In analyzing preposition behavior, therefore, the objective is to tease apart these various elements. The procedures for doing so are laid out below.

Steps and Aids in Tagging Instances

In general, tagging TPP instances is based on considering the pattern descriptions in the pattern manager. Since the pattern sets (definitions) are based on the Oxford Dictionary of English, the likelihood is that the coverage and accuracy of the sense distinctions is quite high. However, since prepositions have generally not received the close attention of words in other parts of speech, PDEP is intended to ensure the coverage and accuracy. During the development of the SemEval 2007 tagged instances, using FrameNet sentences, the lexicographer found it necessary to increase the number of senses by about 10 percent. Since the lack of coverage in FrameNet is well-recognized, the representative sample developed for PDEP should provide the basis for ensuring the coverage and accuracy of the sense inventory.

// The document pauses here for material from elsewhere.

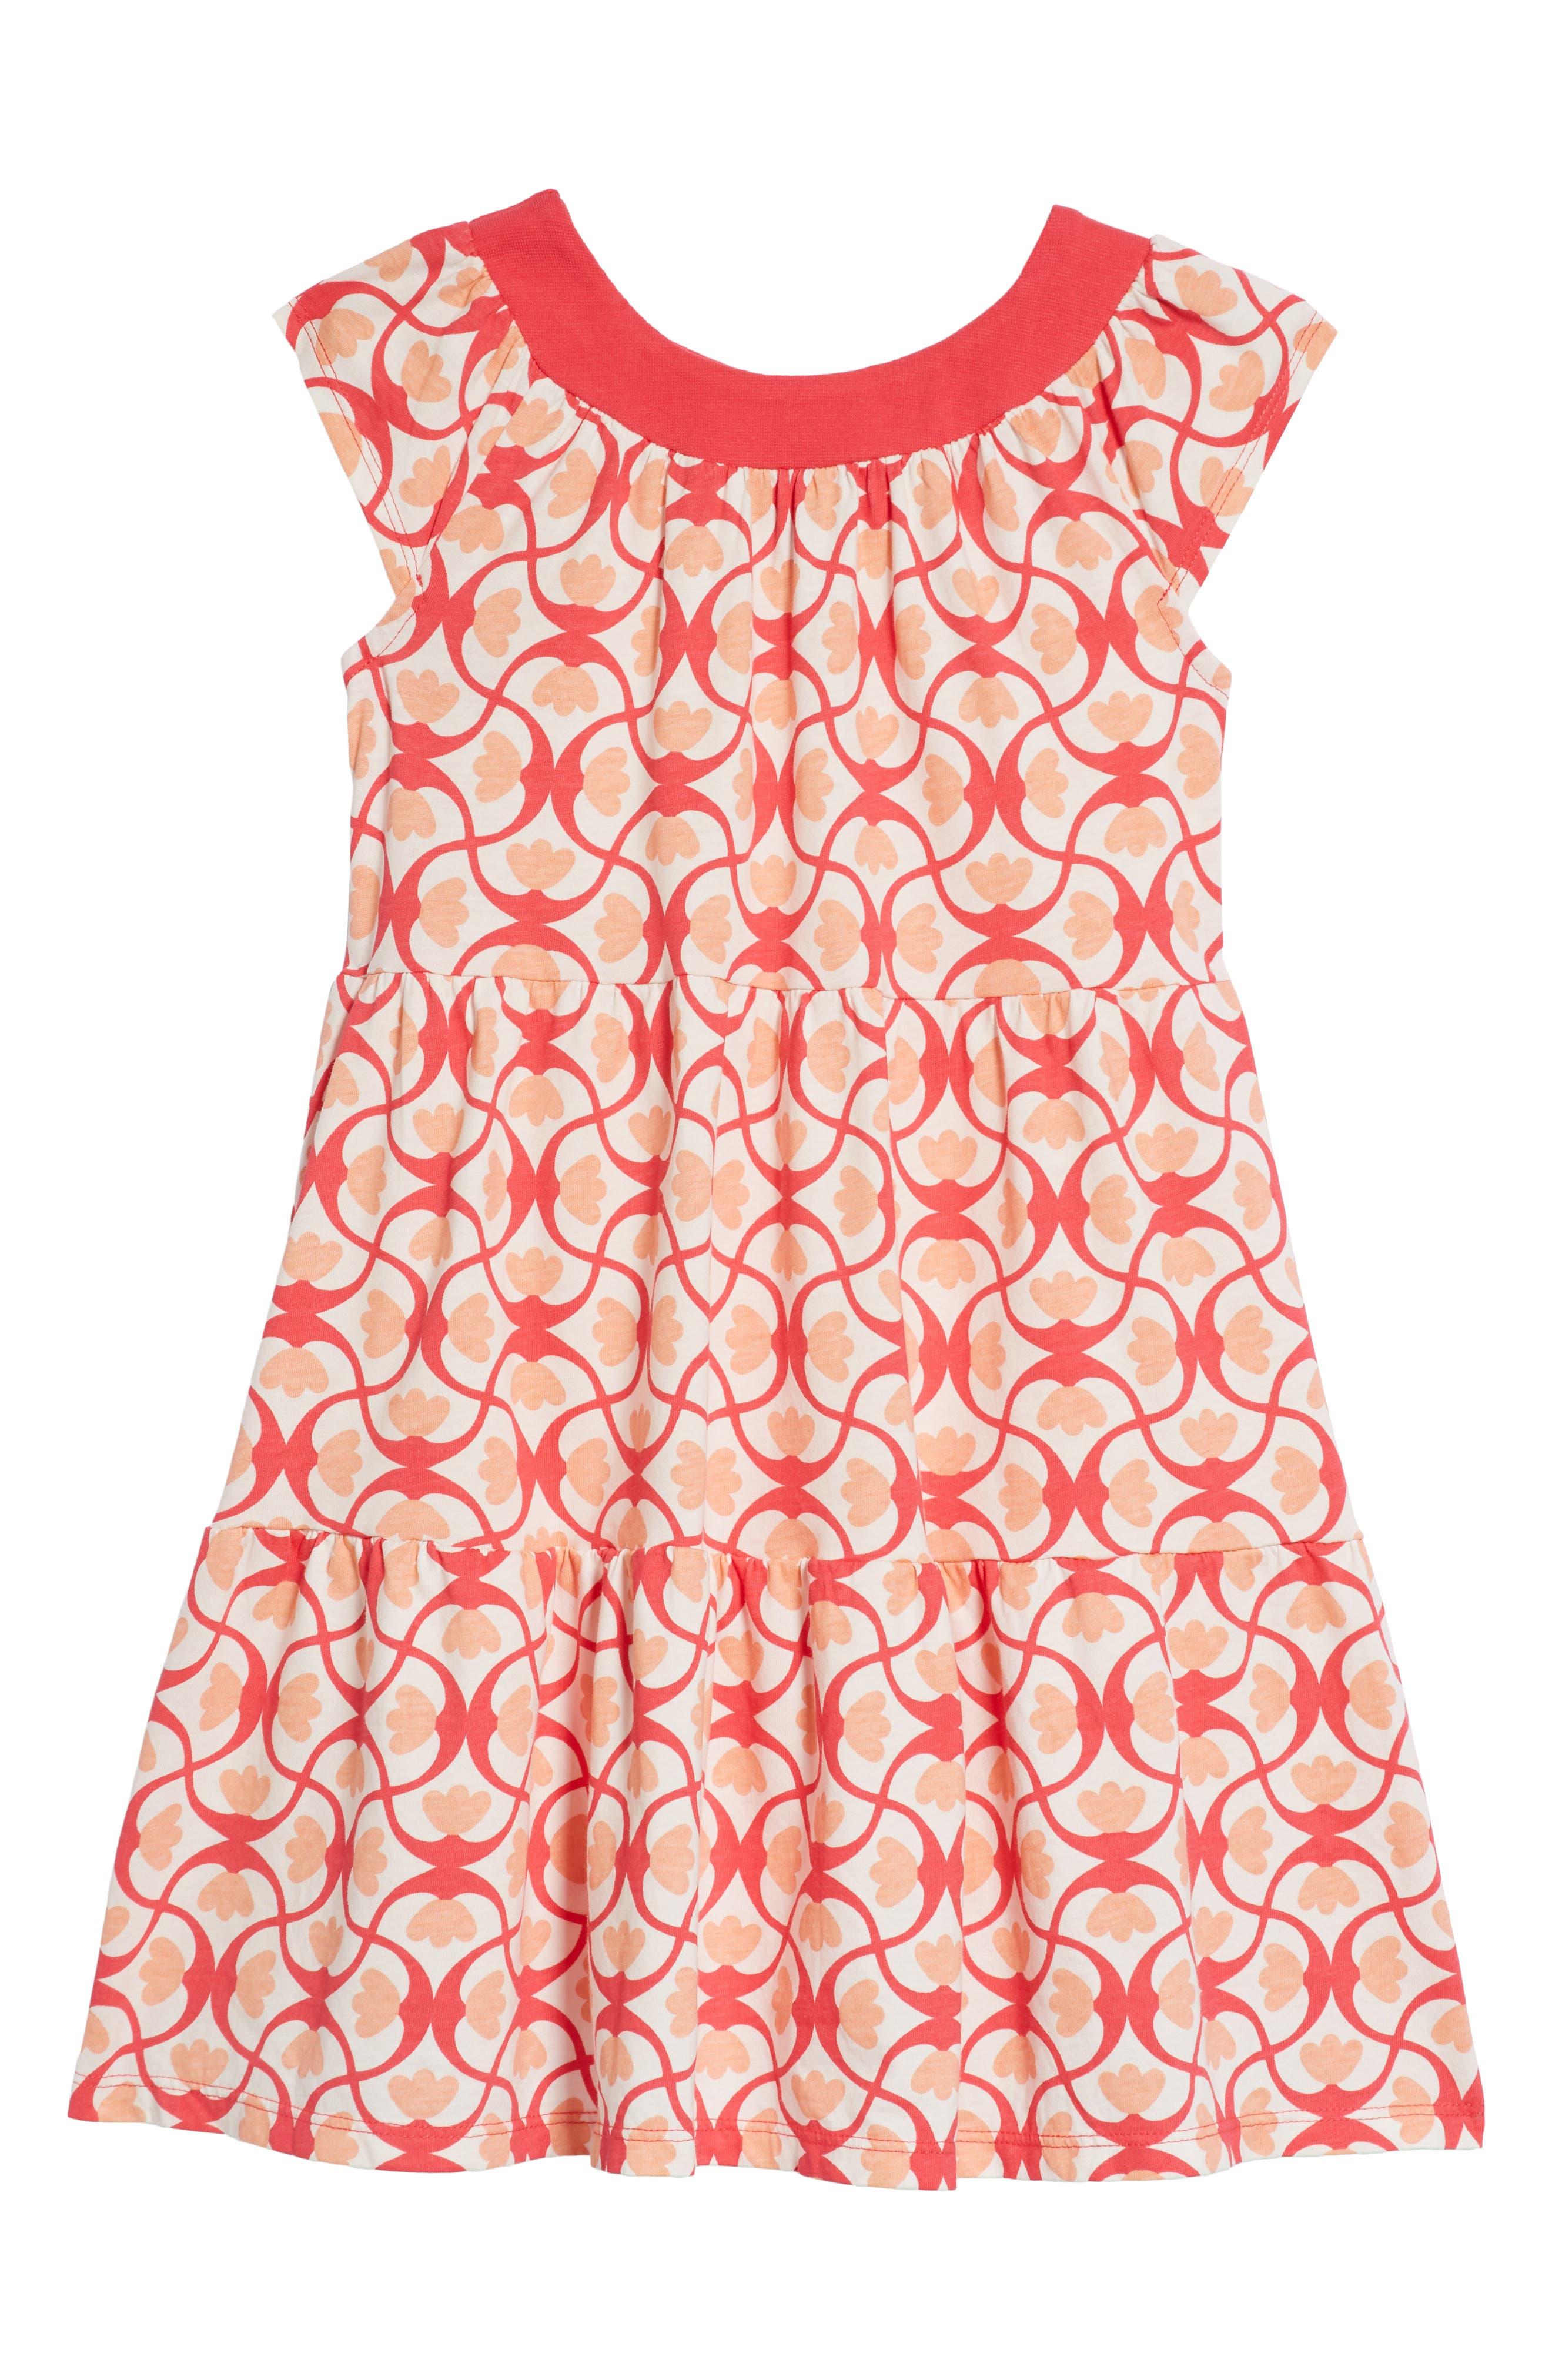 Tile Print Twirl Dress,                             Main thumbnail 1, color,                             Candy Apple Wave Tile

As indicated, the first step in tagging instances involves looking at the patterns and seeing whether the TPP instances can be tagged with existing patterns. In addition to the patterns, instances that have been tagged for SemEval 2007 (labeled FN) or the Oxford English Corpus (labeld OEC) can be opened and used as the basis for making judgments on the TPP corpus.

We have provided tools to enhance the examination of similarities from the FN or OEC corpora and applying the results to the TPP instances. As indicated, all sentences in the corpora have been fully parsed with a dependency parser. Features characterizing the context of the target preposition have also been developed for each sentence using Tratz' system. There are approximately 1500 features for each sentences; these data are almost instantly available for examination. When a particular corpus has been opened, whether for a particular sense or for the entire set, the menu bar includes an Examine item and a Select item. Next to the Examine item, there are two drop-down boxes, with the initial options labeled WFRs (word-finding rules) and FERs (feature extraction rules). To use the examine or select capability, a WFR and an FER need to be selected.

Word-finding rules enable examination of features for words in a certain contextual location with respect to the target preposition. They are divided into two sets: words pertaining to the governor and words pertaining to the complement. Words pertaining to the governor are: (1) verb or head to the left (l), (2) head to the left (hl), (3) verb to the left (vl), (4) word to the left (wl), and (5) governor (h). Words pertaining to the complement are: (1) syntactic preposition complement (c) and (2) heuristic preposition complement (hr). Thus, selecting one of these options identifies the word whose properties are to be examined.

Feature extraction rules identifies the specific kind of feature to be examined. There are 9 feature kinds: (1) part of speech, using the Penn Treebank categories (pos), (2) word class, the 4 major word classes (wc), (3) lexical name, the WordNet file name category, 27 possibilities for nouns and 15 for verbs (ln), (4) lemma, the base form of a word (l), (5) the word as it appears (w), (6) synonyms, as identified in WordNet (s), (7) hypernyms, the first level in WordNet (h), (8) whether the word is capitalized (c), and (9) affixes present in the word, a set of 27 suffix or prefix characteristics (af). Thus, the feature extraction rules enable examination of specific syntactic or semantic features of the selected word.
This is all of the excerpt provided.